On Yer Bike! Rights (and Wrongs) of Way

In my previous blog, I considered the current seeming obsession with ‘rights’ – the right to free speech, and so on. Well here’s another: right of way. To clarify, the ever-contentious debate over vehicle / cyclist / pedestrian rights of way.

I should perhaps point out two things before I continue: first, I’m all too aware that everyone seems to believe that they have right of way wherever they may be on the highways and byways, and while I’m no fan of motorists (to put it mildly), but get rather annoyed when cyclists claim that they are legally entitled to go wherever they so wish, and equally by pedestrians who insist that the right of way is theirs, and that if they choose to walk down the middle of the road, then they should expect all traffic to stop. Second, I’m not in the habit of blogging anecdotes-cum-rants, or rantecdotes, and generally find other people’s tales of what annoyed them today quite tedious. However, this one I just couldn’t leave.

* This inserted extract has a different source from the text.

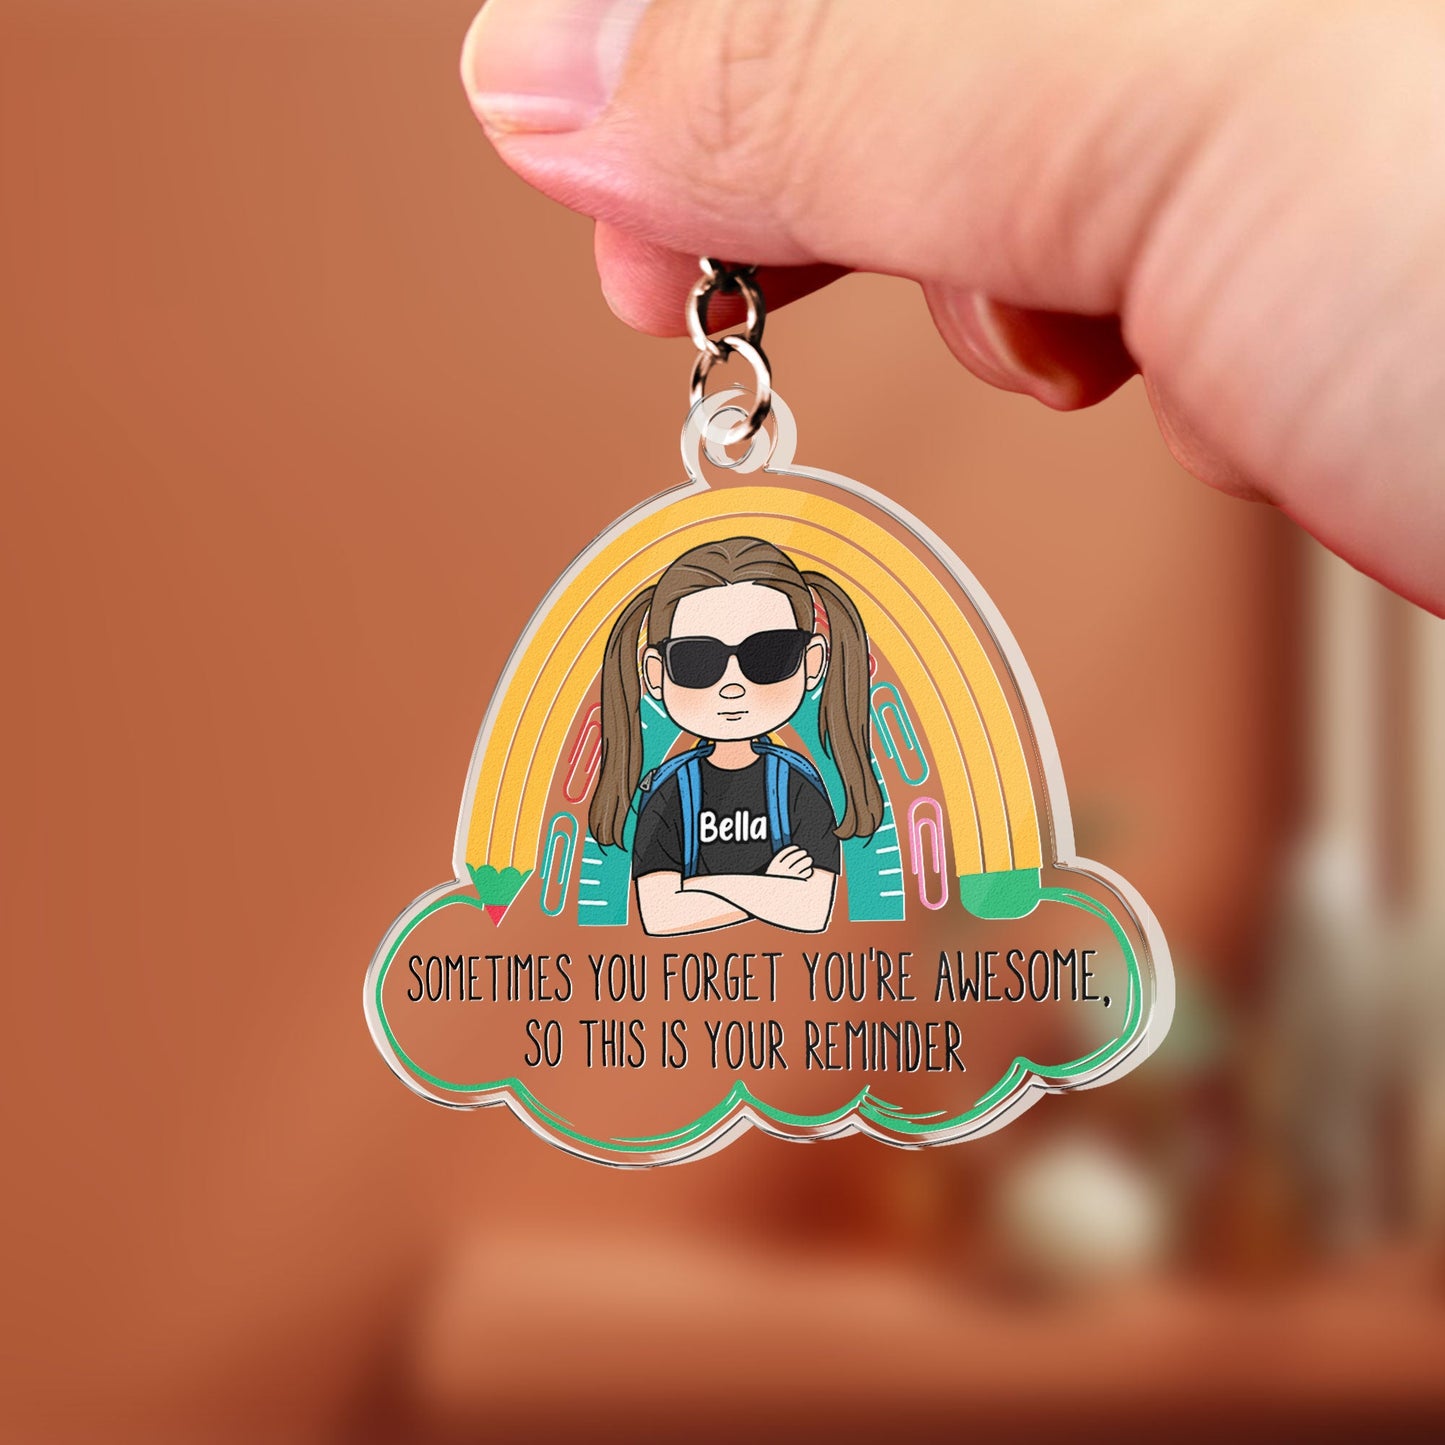 You're Awesome - Personalized Acrylic Keychain

Ok, so I’m rarely in the best of humour on my way to work in the morning. Juggling multiple jobs in addition to my writing, I’m usually short on sleep, and so rather crotchety. However, I’m also fairly awake and cogent: I’m something of a morning person. I just happen to hate my job, and also get annoyed by groups of schoolchildren walking five abreast at a quarter of a mile an hour.

Cyclists, pedestrians, motorists… it makes no difference to me. Returning to the point I made in my previous blog, it’s not about ‘rights’ or even ‘responsibilities.’ My rule for living: ‘don’t be a twat.’ So when people are walking three or four abreast and I’m on my own, it’s difficult for me to reduce the space I occupy in order to make way for them. I have permanent bruises on my shoulders from almost daily pedestrian collisions, but what can I do? I can’t go less than single file.

So yesterday I was walking toward town with my wife. Our journey takes us through an underpass beneath a railway line, and the route is shared by both pedestrians and cyclists, with no marked divisions for either. Seeing an oncoming cyclist, my wife went ahead of me and we proceeded in single file and pulled in to the right. A third pedestrian remained to the right, but there was still what looked like a navigable gap in the middle.

The cyclist – a middle-aged woman – clearly thought otherwise, and without really slowing down, veered straight toward me as Mrs Nosnibor, ahead of me, rounded the corner out of the underpass. I maintained my trajectory: I didn’t really have anywhere else to go, and besides, I figured she would surely apply the breaks before she landed her front wheel between my knees. Inches away from me, I pulled away a little, but with a wall inches to  my right, didn’t have much scope for evasive action. She, meanwhile, weaved to her right by a few inches and ploughed straight into my left arm. It hurt.

‘This is a cycle path, you know!’ she shouted irately.

‘It’s also a pavement!’ I retorted, similarly irate and not just a little bit shocked. Yes, I had meant footpath, but my full vocabulary often escapes me at 7.45am when I’ve just been hit by a lump of pedal-powered metal.

‘I know!’ the idiot shouted over her shoulder as she regained momentum, leaving me no opportunity for a further response. Not that I’m sure how I would have made a comeback to such an evidently nonsensical rejoinder.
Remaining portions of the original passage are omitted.